DIRECTIONS
From the line that contains "817-021 Каркас спинки, Спортивное" to the final line below, both included, print each line exactly and skip the pictures.

PROVIDED MATERIAL
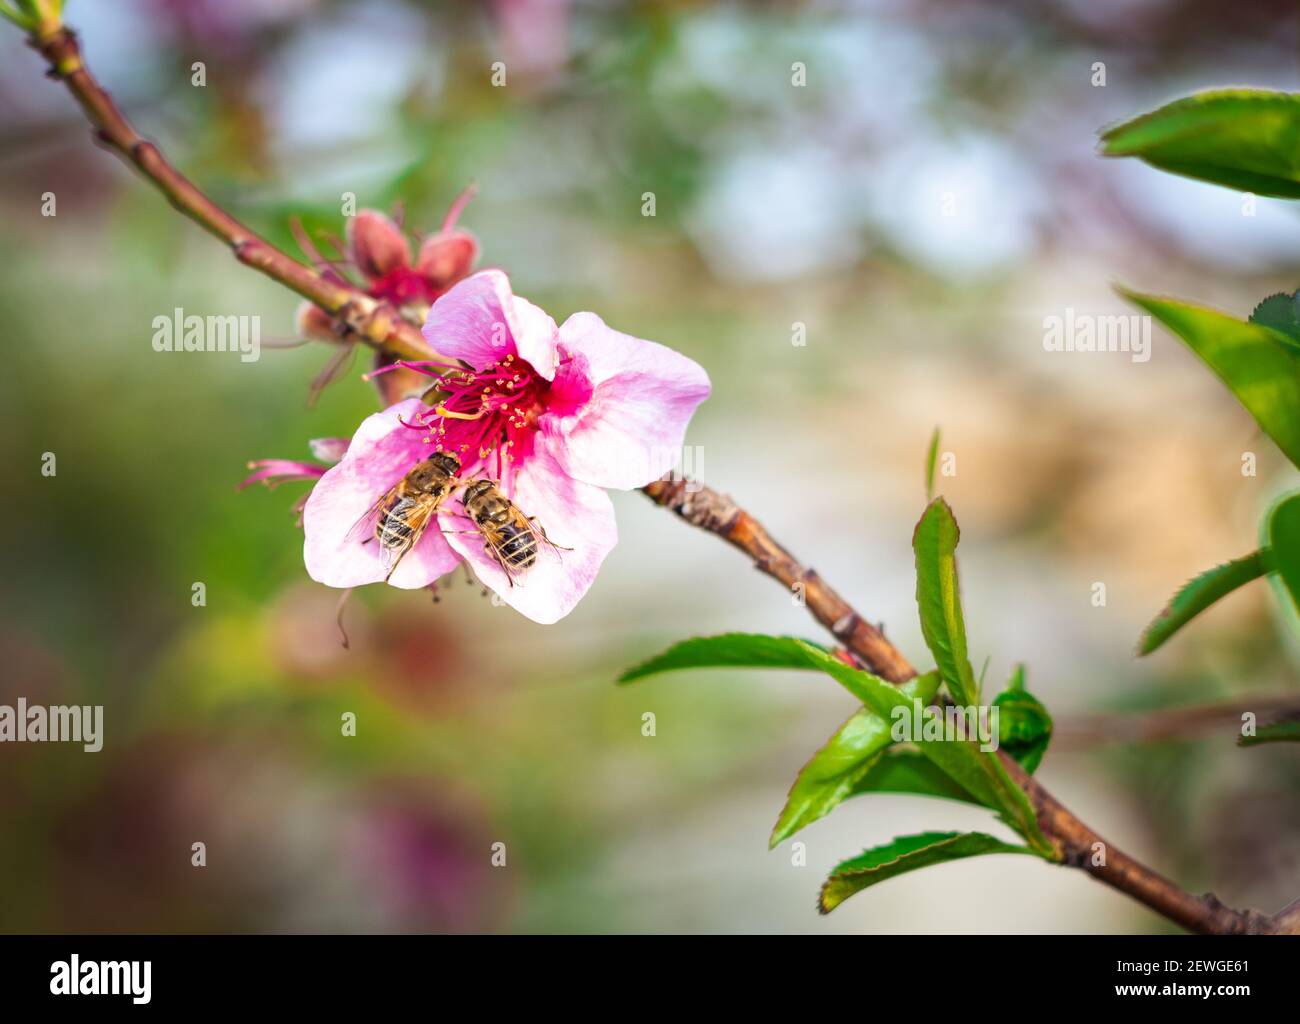 Zwei Bienen bestäuben und ernähren sich am Mittag im Garten vom Nektar der rosa Blume des Pfirsichbaumes. Stockfoto
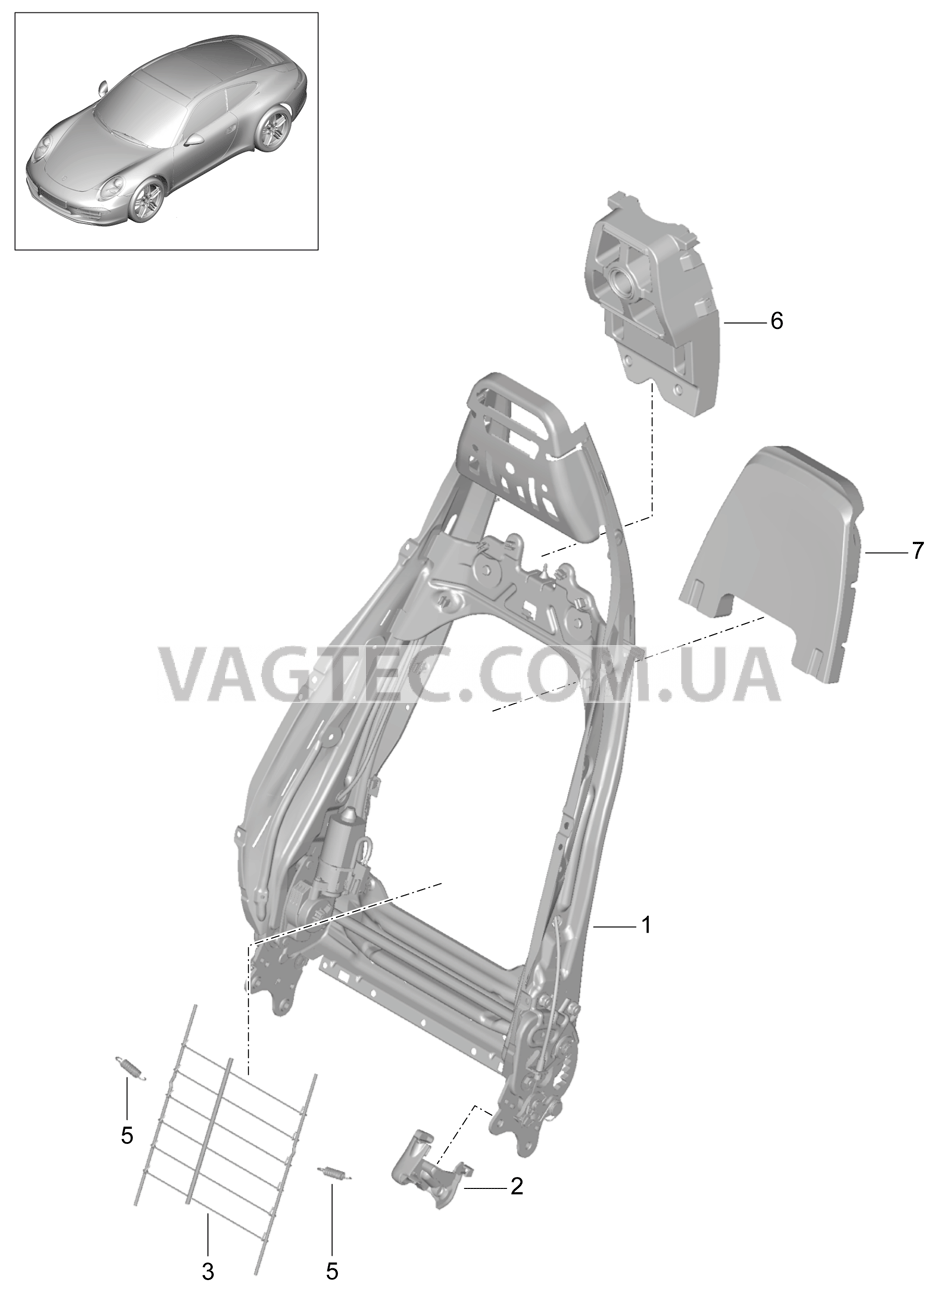 817-021 Каркас спинки, Спортивное сиденье PLUS, Детали для PORSCHE 911.Carrera 2012-2016USA
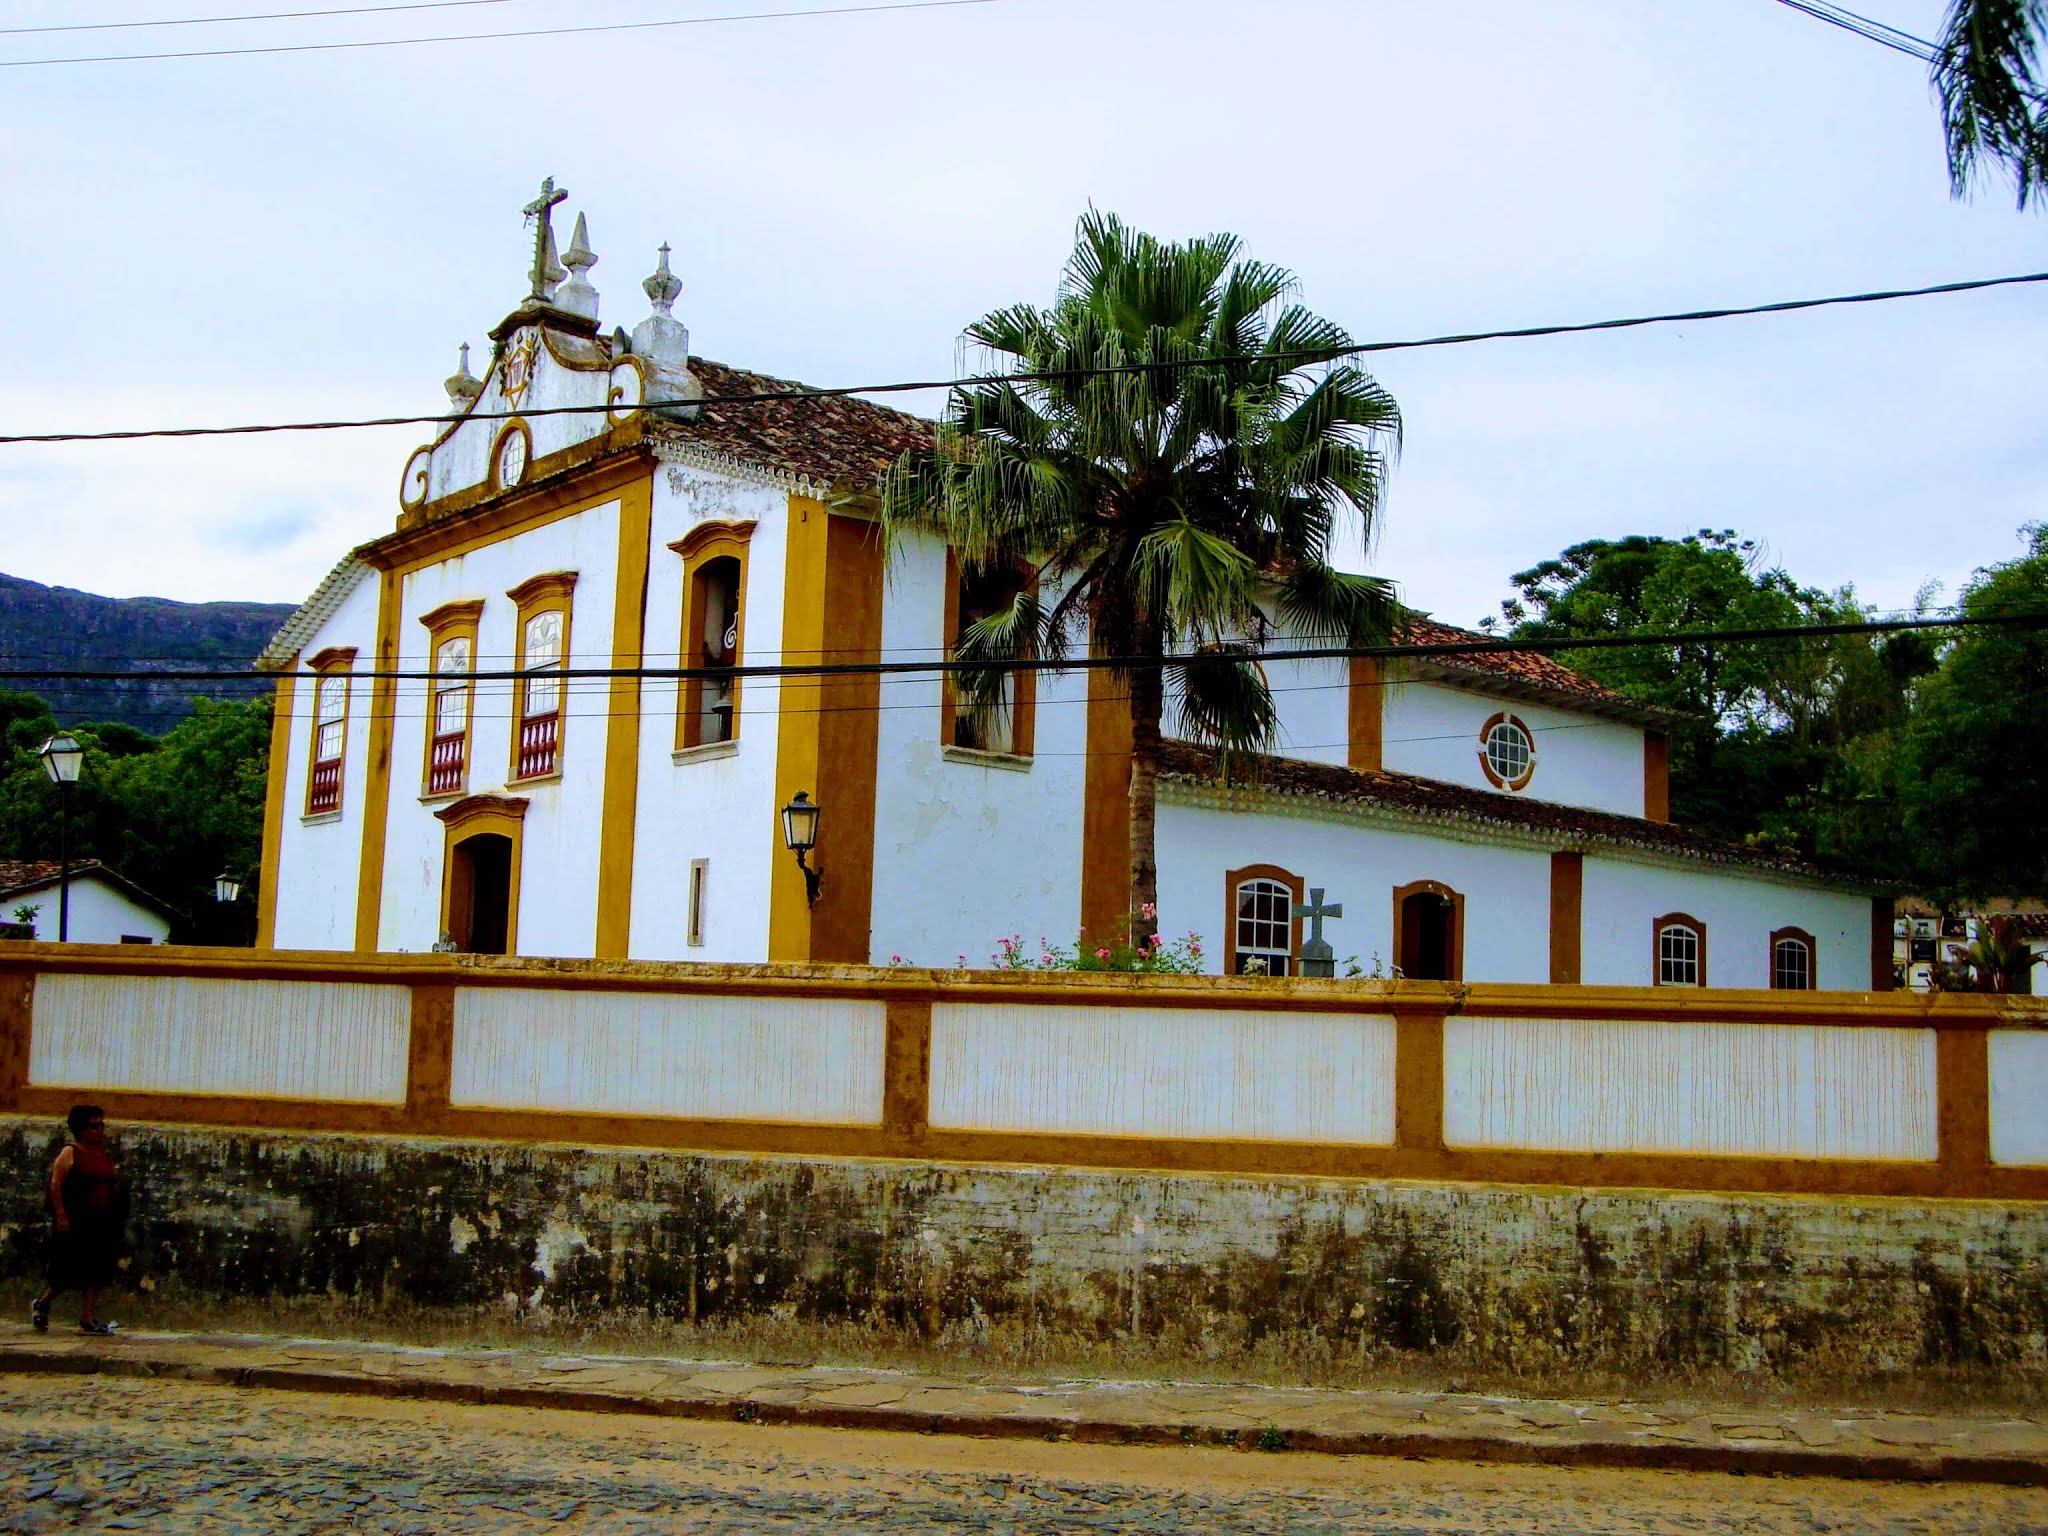 Conheça as Igrejas Históricas de Tiradentes
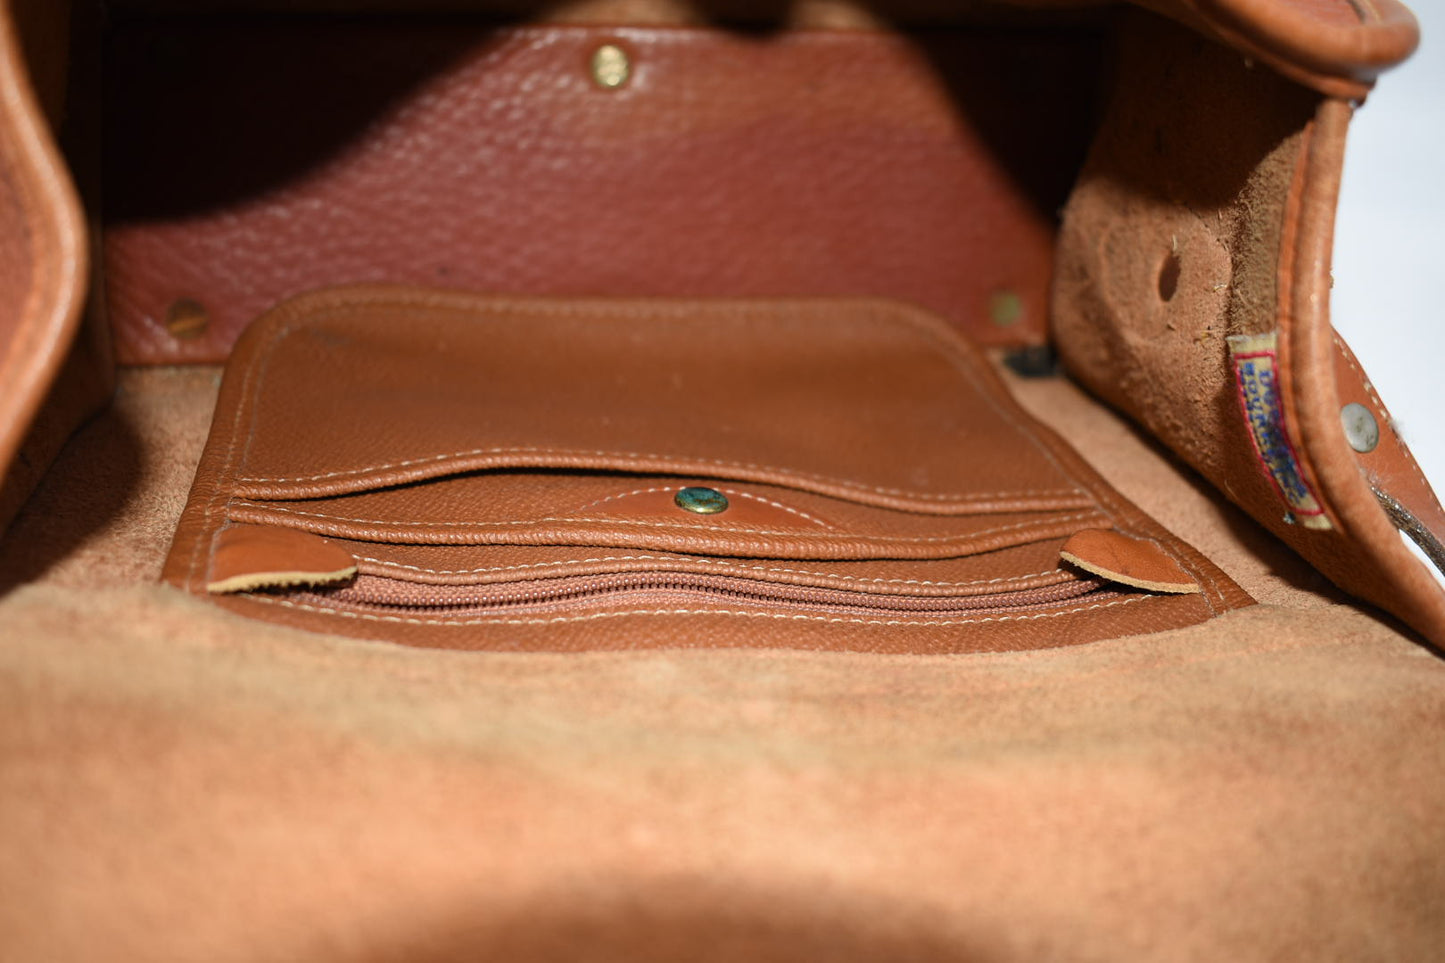 Vintage Dooney & Bourke Leather Shoulder Bag
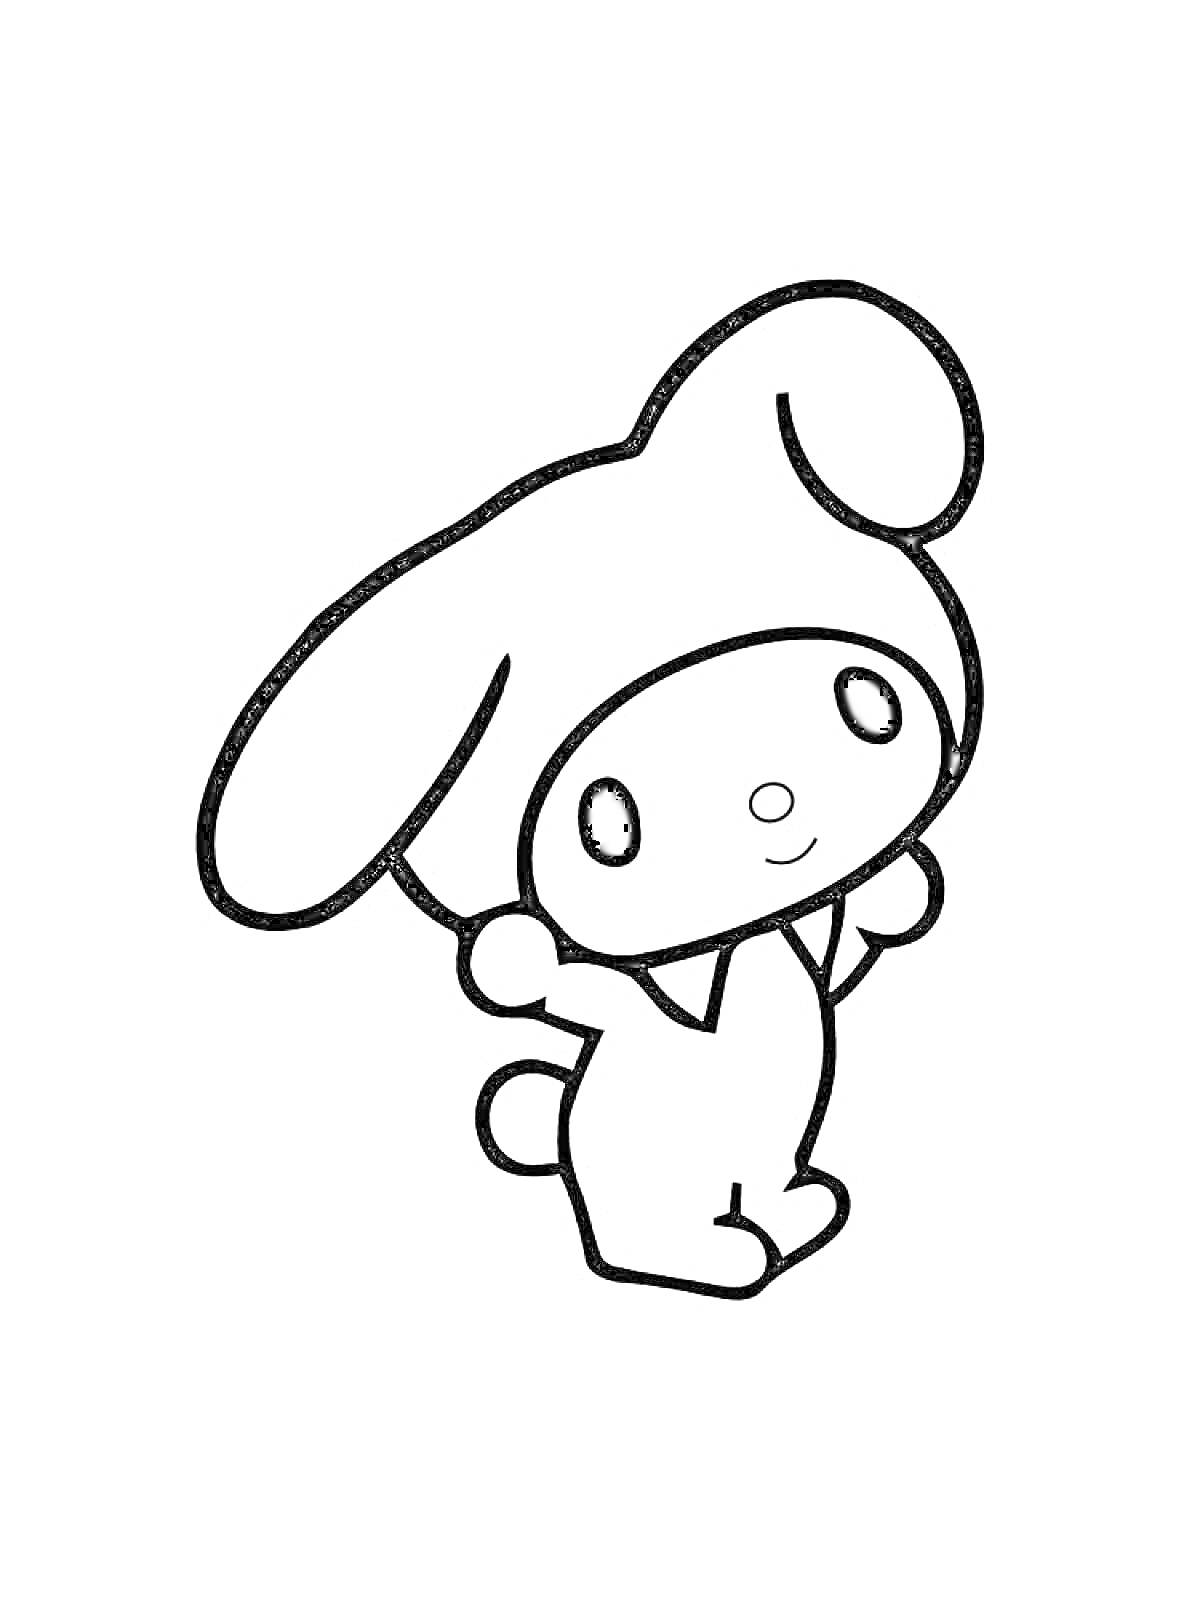 Раскраска Кролик с большими ушами, стоящий на задних лапках

ANSWER FOR THIS EXERCISE
 817-021 Каркас спинки, Спортивное сиденье PLUS, Детали для PORSCHE 911.Carrera 2012-2016USA
 Conheça as Igrejas Históricas de Tiradentes
 Vintage Dooney & Bourke Leather Shoulder Bag
 Раскраска Кролик с большими ушами, стоящий на задних лапках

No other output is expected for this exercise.